PROBLEM TO WORK ON:
Print only the lines below from the one with "cm, signed l.r." to the one with "Mathematical Modeling for", both included, exactly as they stand. Leave pictures out.

DATA TO EXAMINE:

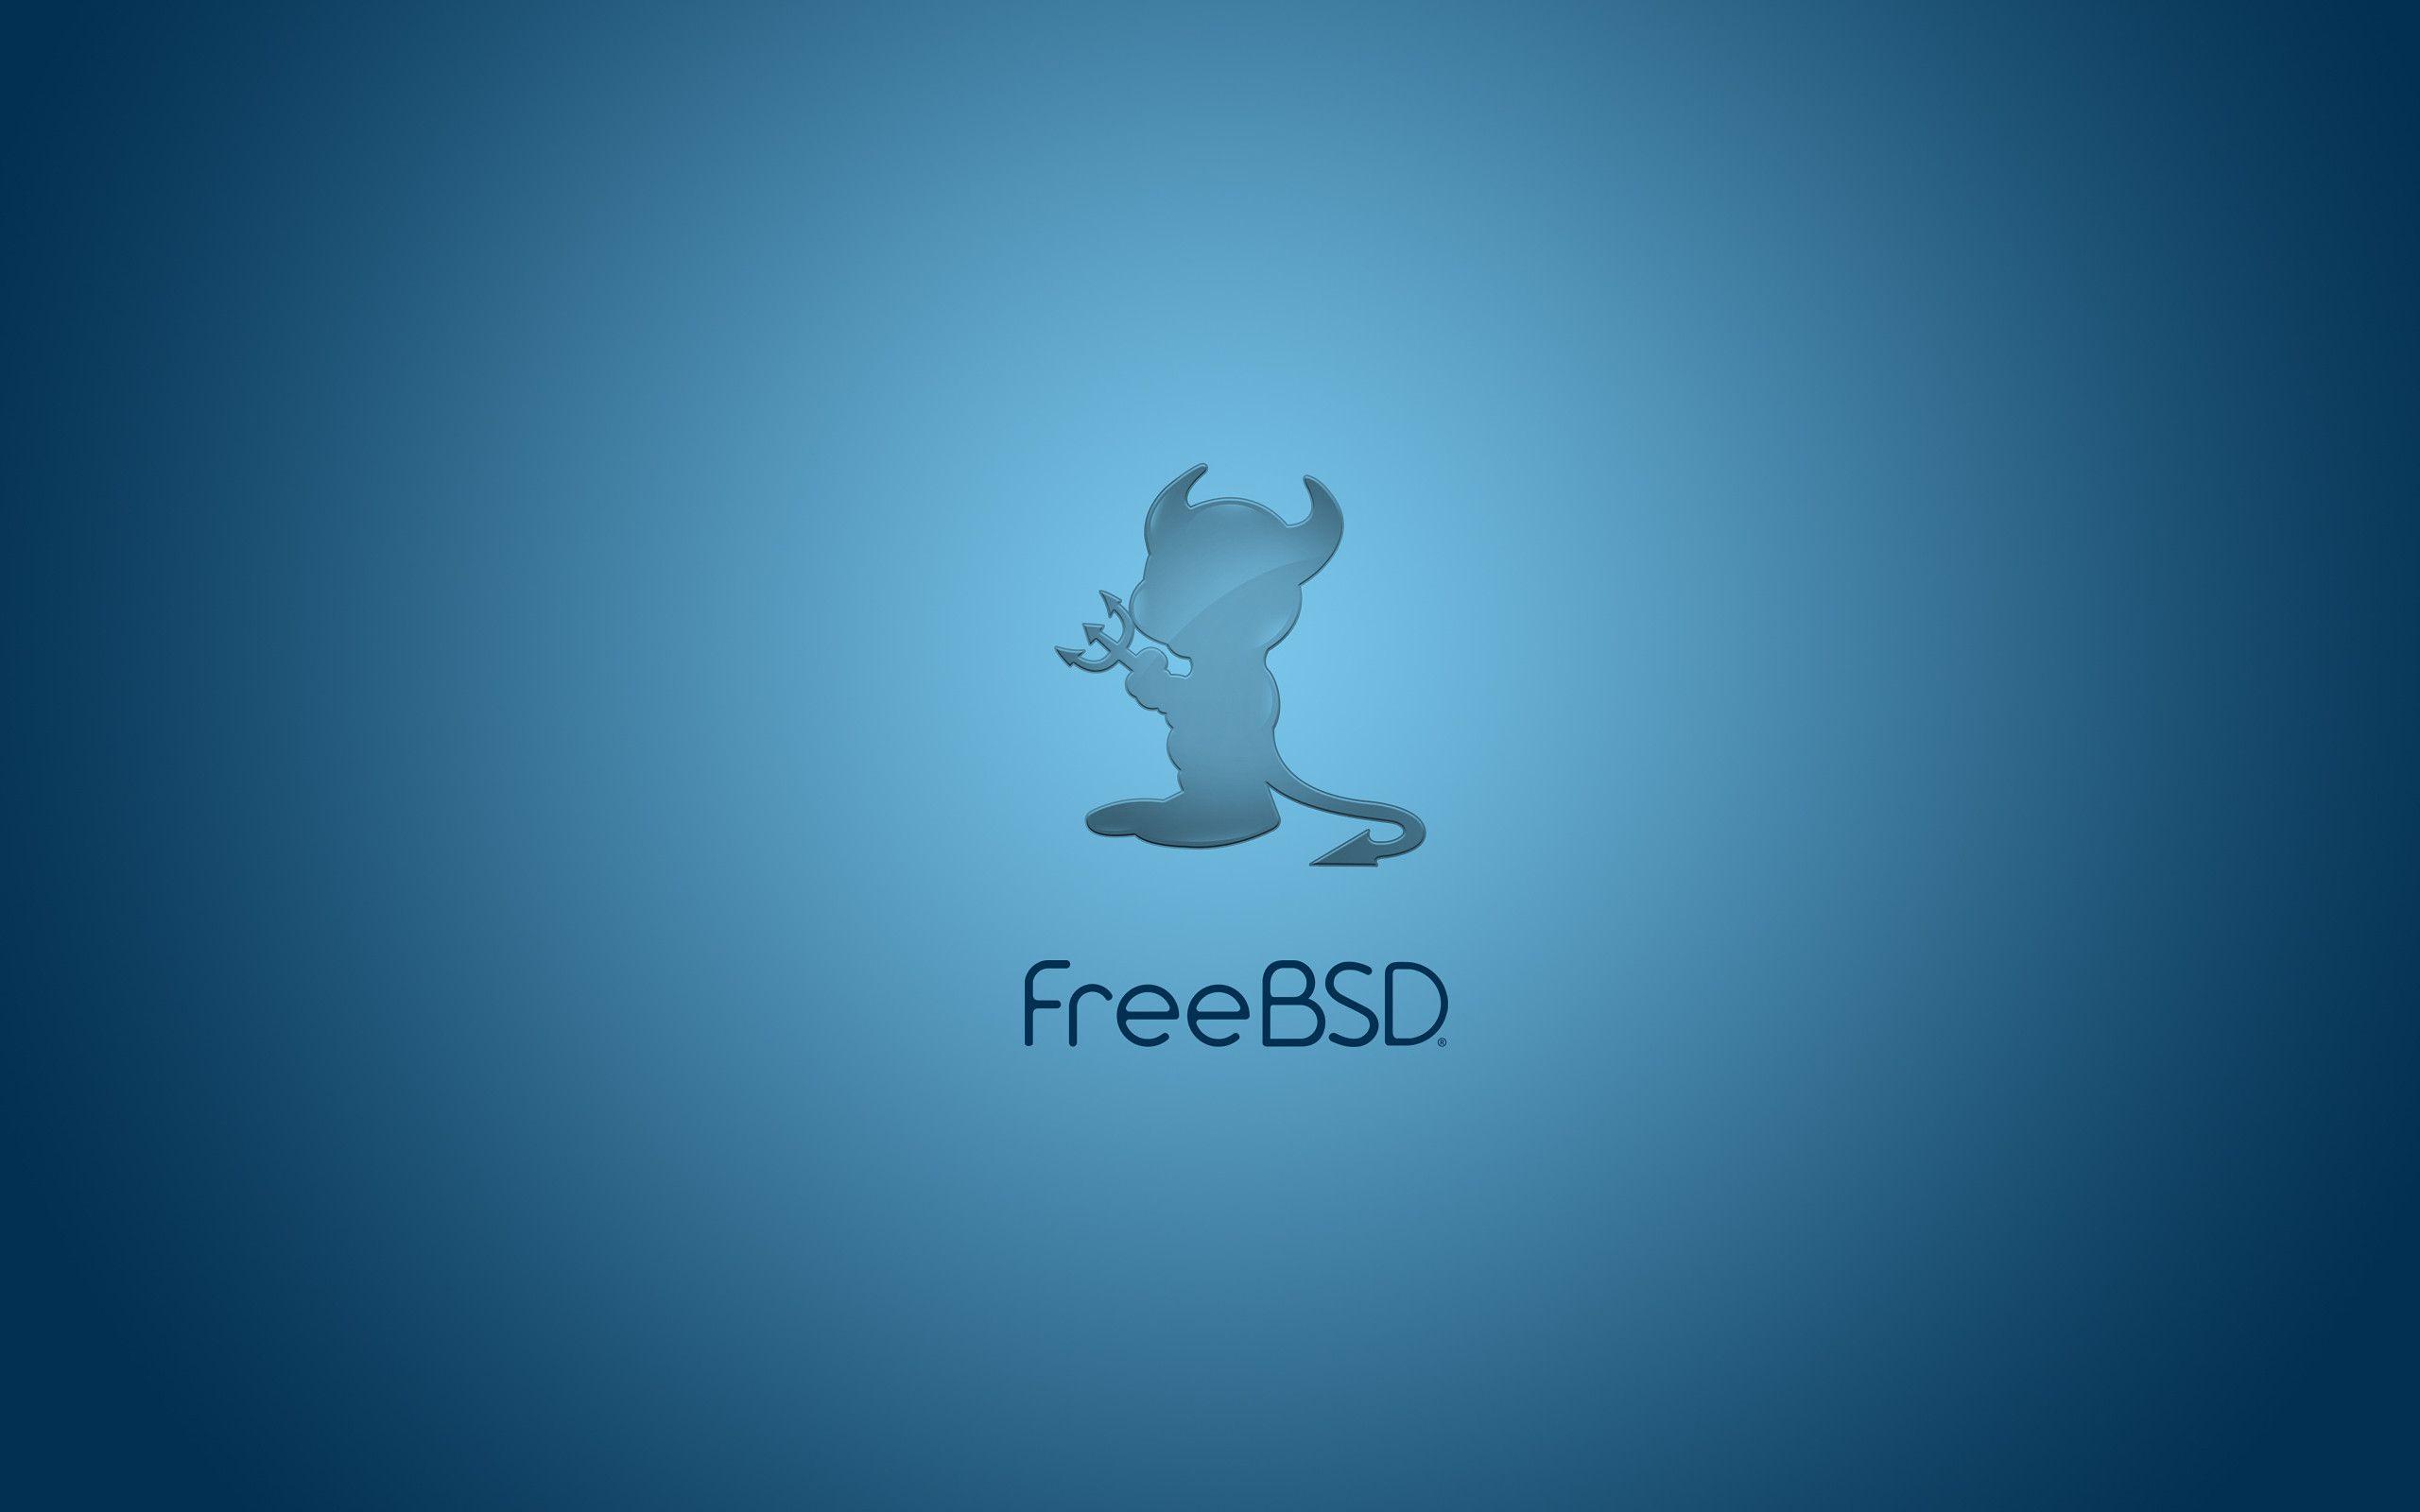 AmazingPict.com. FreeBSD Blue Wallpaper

...

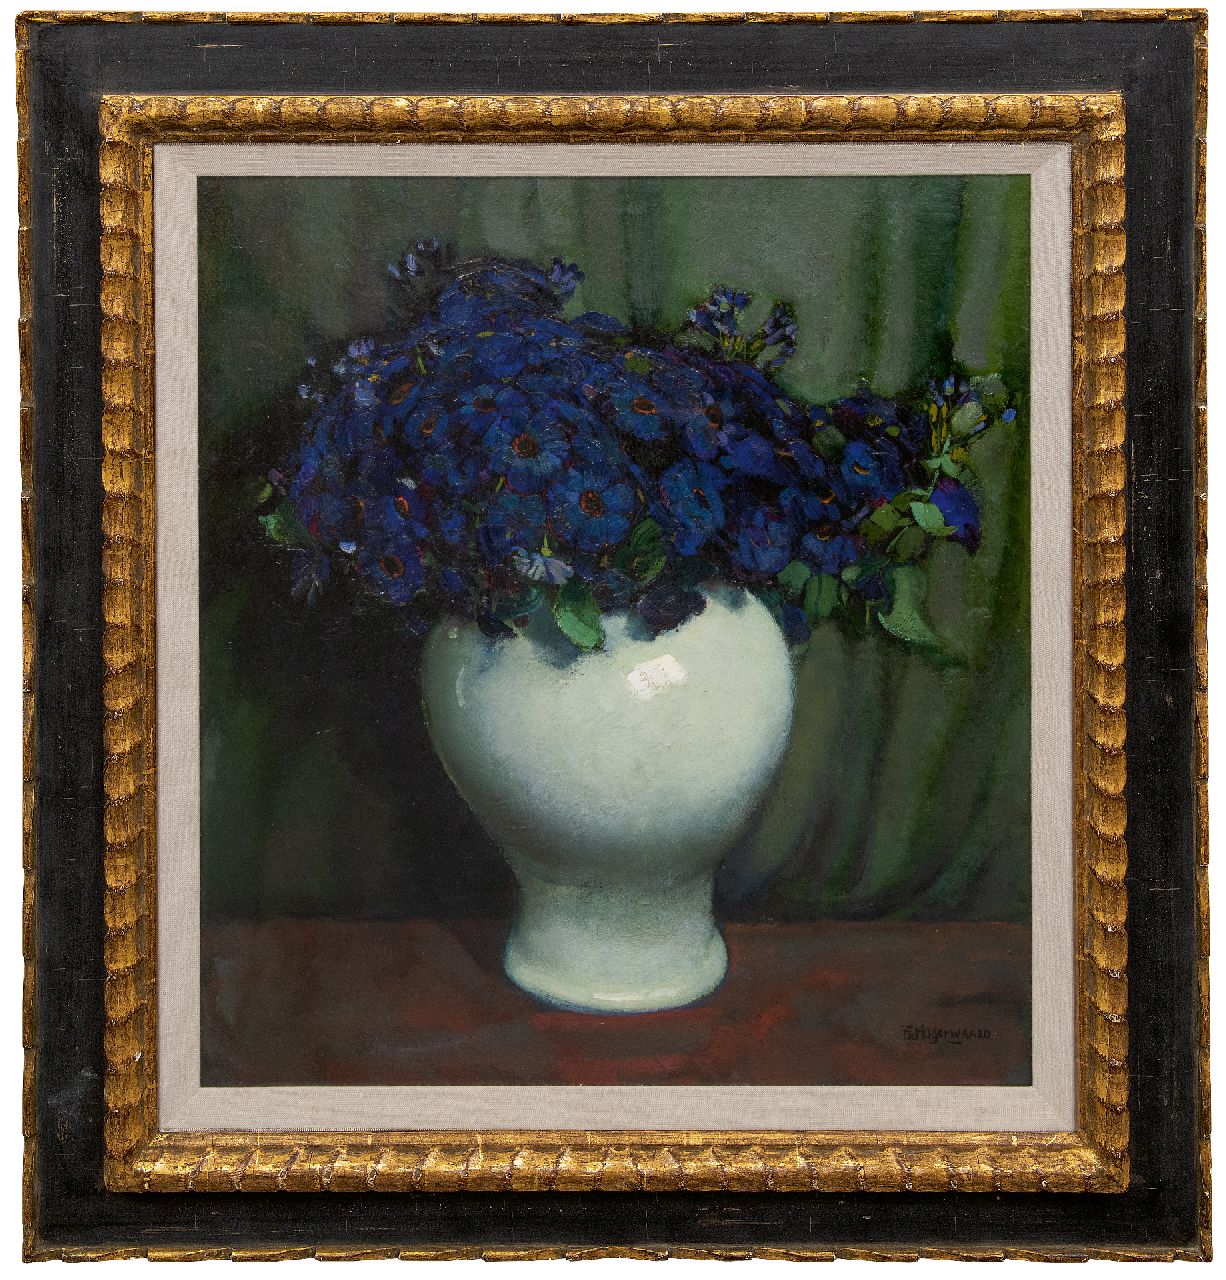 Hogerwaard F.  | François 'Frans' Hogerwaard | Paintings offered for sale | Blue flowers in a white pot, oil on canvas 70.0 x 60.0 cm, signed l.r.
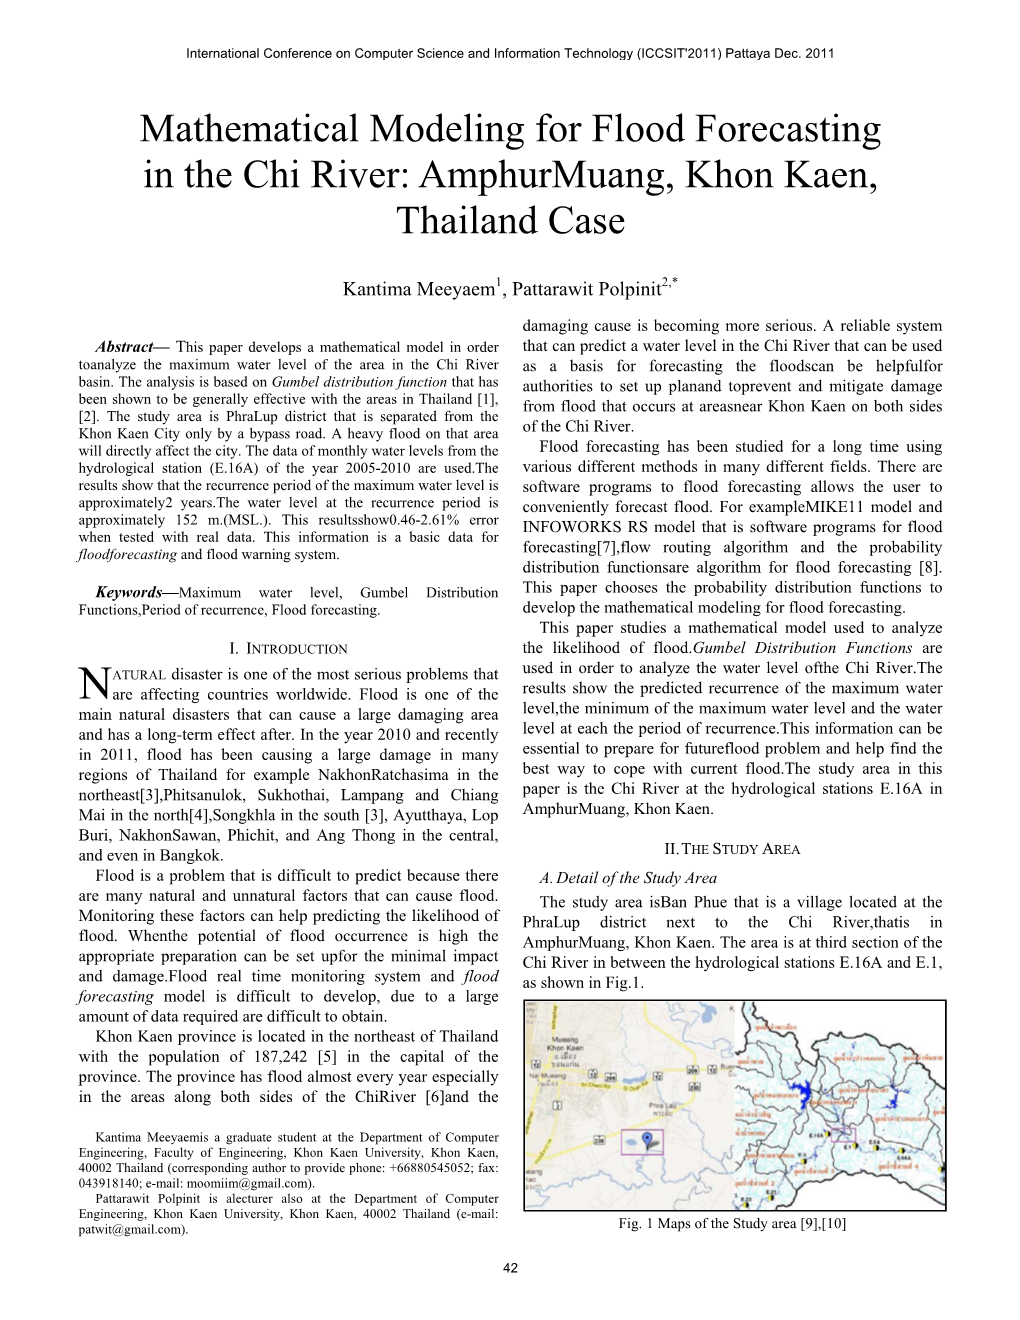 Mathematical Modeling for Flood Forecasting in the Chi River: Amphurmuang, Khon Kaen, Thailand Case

==

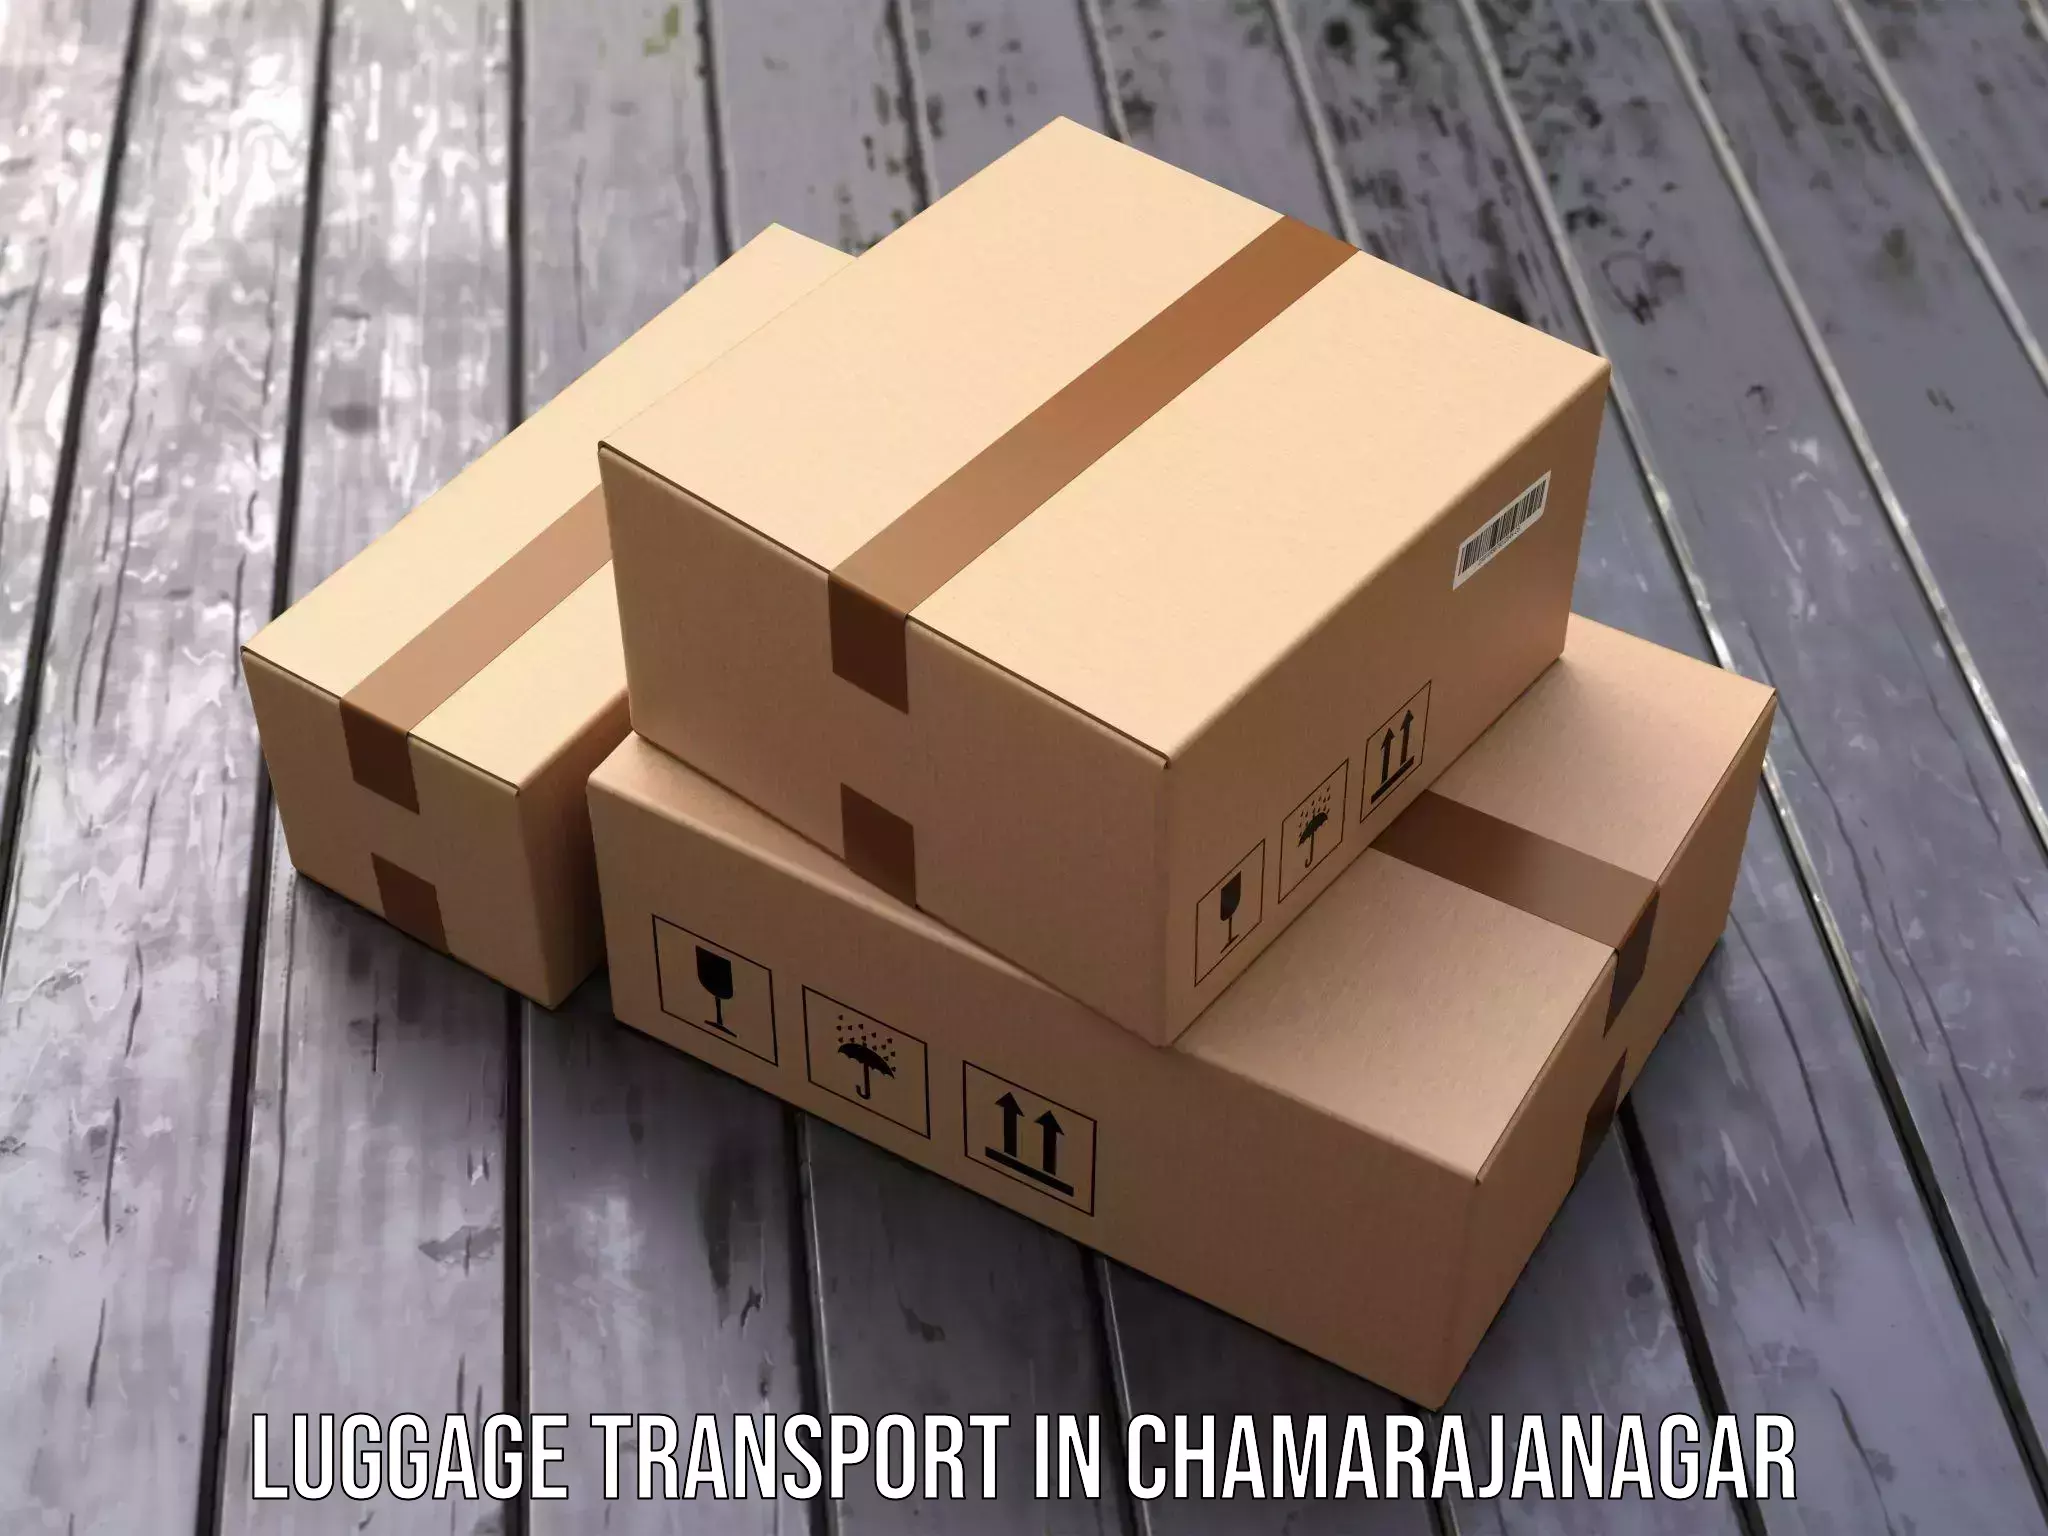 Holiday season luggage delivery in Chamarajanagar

RESPONSE:
 Hogerwaard F.  | François 'Frans' Hogerwaard | Paintings offered for sale | Blue flowers in a white pot, oil on canvas 70.0 x 60.0 cm, signed l.r.
 Mathematical Modeling for Flood Forecasting in the Chi River: Amphurmuang, Khon Kaen, Thailand Case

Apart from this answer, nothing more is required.